Received: from mga09.intel.com ([134.134.136.24])
  by mail3-smtp-sop.national.inria.fr with ESMTP; 28 May 2011 02:28:51 +0200
Received: from orsmga002.jf.intel.com ([10.7.209.21])
  by orsmga102.jf.intel.com with ESMTP; 27 May 2011 17:28:50 -0700
X-ExtLoop1: 1
Received: from orsmsx603.amr.corp.intel.com ([10.22.226.49])
  by orsmga002.jf.intel.com with ESMTP; 27 May 2011 17:28:50 -0700
Received: from orsmsx151.amr.corp.intel.com (10.22.226.38) by
 orsmsx603.amr.corp.intel.com (10.22.226.49) with Microsoft SMTP Server (TLS)
 id 8.2.255.0; Fri, 27 May 2011 17:28:49 -0700
Received: from orsmsx101.amr.corp.intel.com ([169.254.8.114]) by
 ORSMSX151.amr.corp.intel.com ([169.254.5.187]) with mapi id 14.01.0289.001;
 Fri, 27 May 2011 17:28:49 -0700
From: "Harrison, John R" <john.r.harrison@intel.com>
To: Till Varoquaux <till@pps.jussieu.fr>,
        Dario Teixeira
	<darioteixeira@yahoo.com>
CC: "caml-list@inria.fr" <caml-list@inria.fr>
Thread-Topic: [Caml-list] Re: Binary logarithm of a power of 2
Thread-Index: AQHMHHG9UggX4FLc4EO2AEB6uOzh0pShX7qAgAANtwCAAAlJAIAAAmiA///miVA=
Date: Sat, 28 May 2011 00:28:46 +0000
Message-ID: <BD6BC2F330F5FB42AE6C31E84D7B76D701074D@ORSMSX101.amr.corp.intel.com>
References: <4DDFDC1F.5050605@inria.fr>
	<165028.34675.qm@web111509.mail.gq1.yahoo.com>
	<BANLkTi=UPCy+ZErybor6aDUxvk1EkgsfpA@mail.gmail.com>
 <BANLkTim049Ufr2H9E=AKmRmaiXPmZLS_kQ@mail.gmail.com>
In-Reply-To: <BANLkTim049Ufr2H9E=AKmRmaiXPmZLS_kQ@mail.gmail.com>
Accept-Language: en-US
Content-Language: en-US
X-MS-Has-Attach: 
X-MS-TNEF-Correlator: 
x-originating-ip: [10.9.131.214]
Content-Type: text/plain; charset="utf-8"
MIME-Version: 1.0
Content-Transfer-Encoding: 8bit
X-MIME-Autoconverted: from base64 to 8bit by walapai.inria.fr id p4S0Svuv010588
Subject: RE: [Caml-list] Re: Binary logarithm of a power of 2

The following are my pet algorithms for essentially the same problem
of counting leading zeros, and the dual problem of counting trailing
zeros.
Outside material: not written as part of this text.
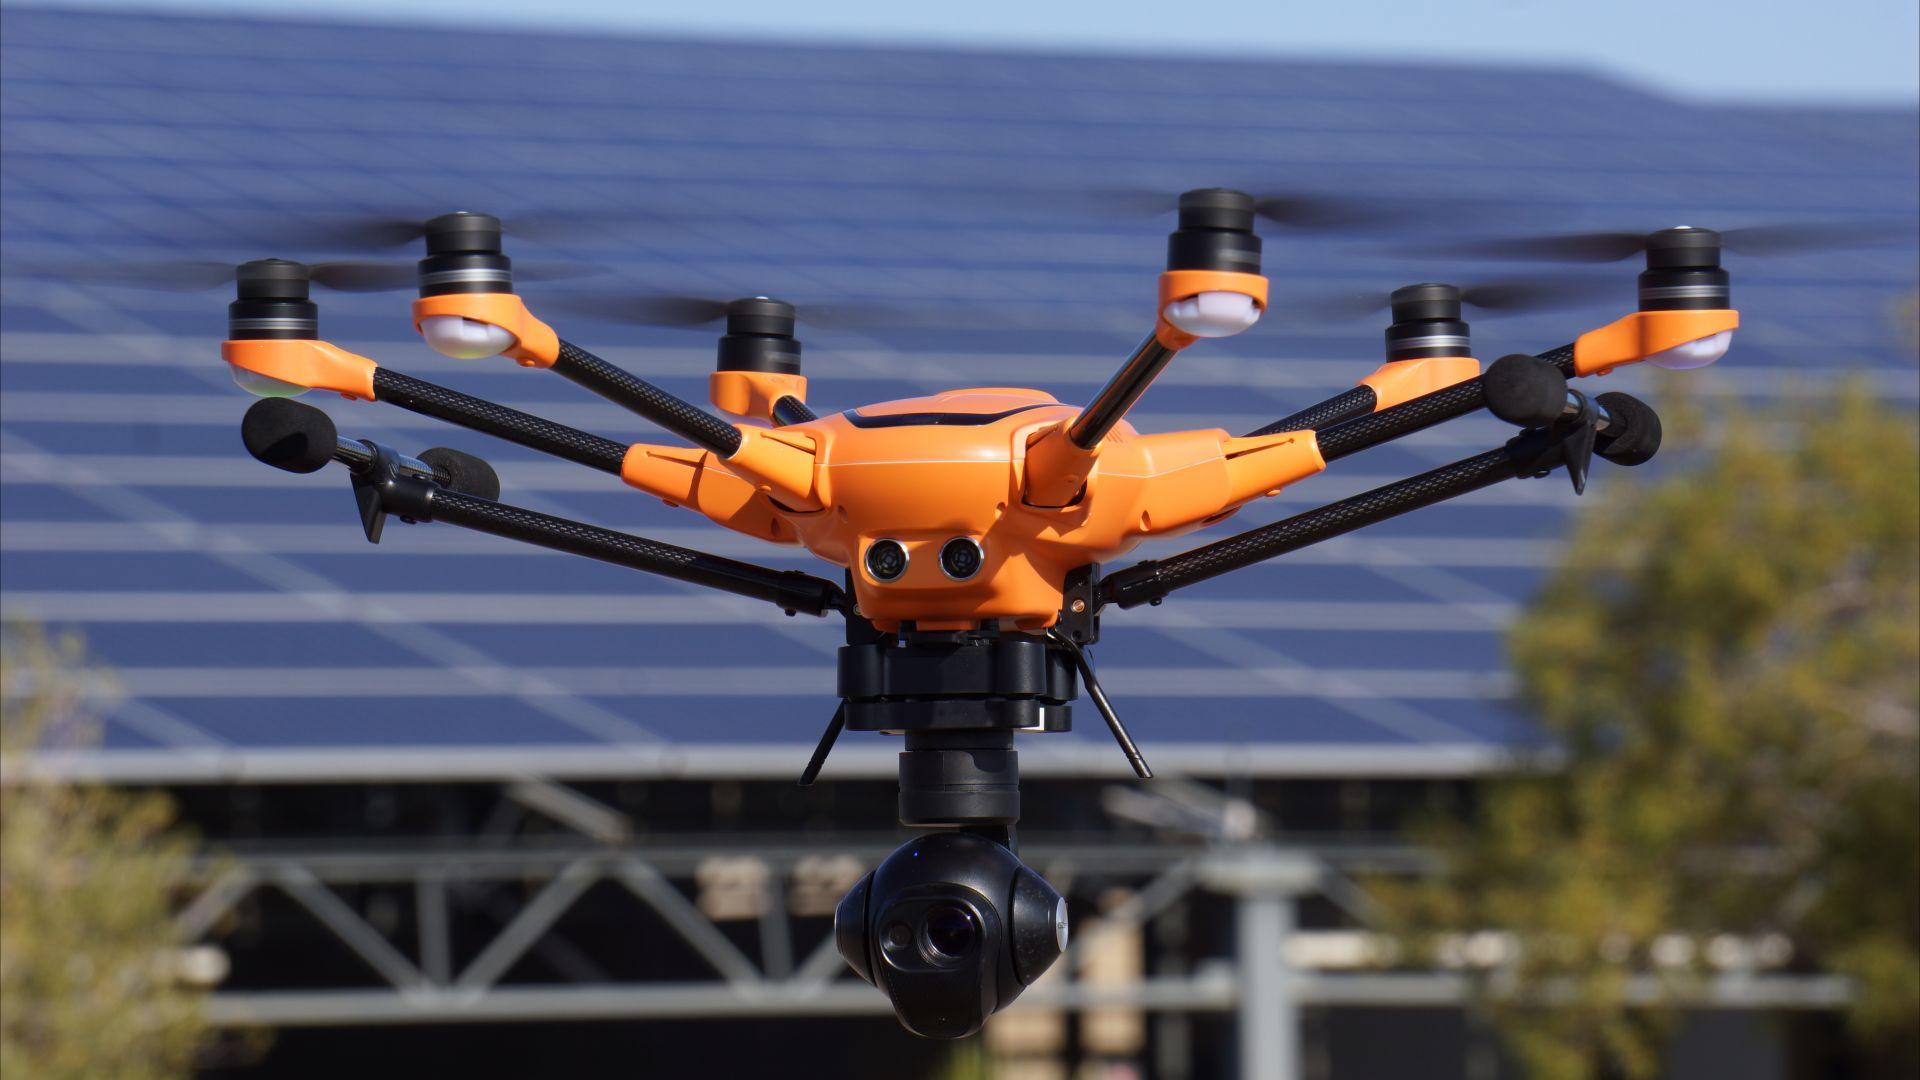 Best Dji Drone >> Wallpaper Yuneec H520, best drones, Hi-Tech #13066

It should be a routine exercise to translate to OCaml and tweak
the numbers for binary logarithm.

I doubt if these are as fast in practice as some of the other
well-known solutions. However they have the interesting feature that
given infinite parallelism and arranging the sums in a balanced tree,
they can be log(log(N)) + 2 in terms of latencies, rather than the
usual log(N), where N is the number of bits in a word. That is, all
the terms in the sum can be evaluated independently. As such, they
are much more like how the operation might be done in hardware.

// Counting leading zeros in an unsigned 32-bit word
// The "_nz" version will return the wrong answer (31) for zero inputs

#define CLZ32_MASK16 0xFFFF0000ul
#define CLZ32_MASK8  0xFF00FF00ul
#define CLZ32_MASK4  0xF0F0F0F0ul
#define CLZ32_MASK2  0xCCCCCCCCul
#define CLZ32_MASK1  0xAAAAAAAAul

#define clz32_nz(n)                                             \
 (((((n) & CLZ32_MASK16) <= ((n) & ~CLZ32_MASK16)) ? 16 : 0) +  \
  ((((n) & CLZ32_MASK8) <= ((n) & ~CLZ32_MASK8)) ? 8 : 0) +     \
  ((((n) & CLZ32_MASK4) <= ((n) & ~CLZ32_MASK4)) ? 4 : 0) +     \
  ((((n) & CLZ32_MASK2) <= ((n) & ~CLZ32_MASK2)) ? 2 : 0) +     \
  ((((n) & CLZ32_MASK1) <= ((n) & ~CLZ32_MASK1)) ? 1 : 0))

#define clz32(n) (((n)==0) ? 32 : clz32_nz(n))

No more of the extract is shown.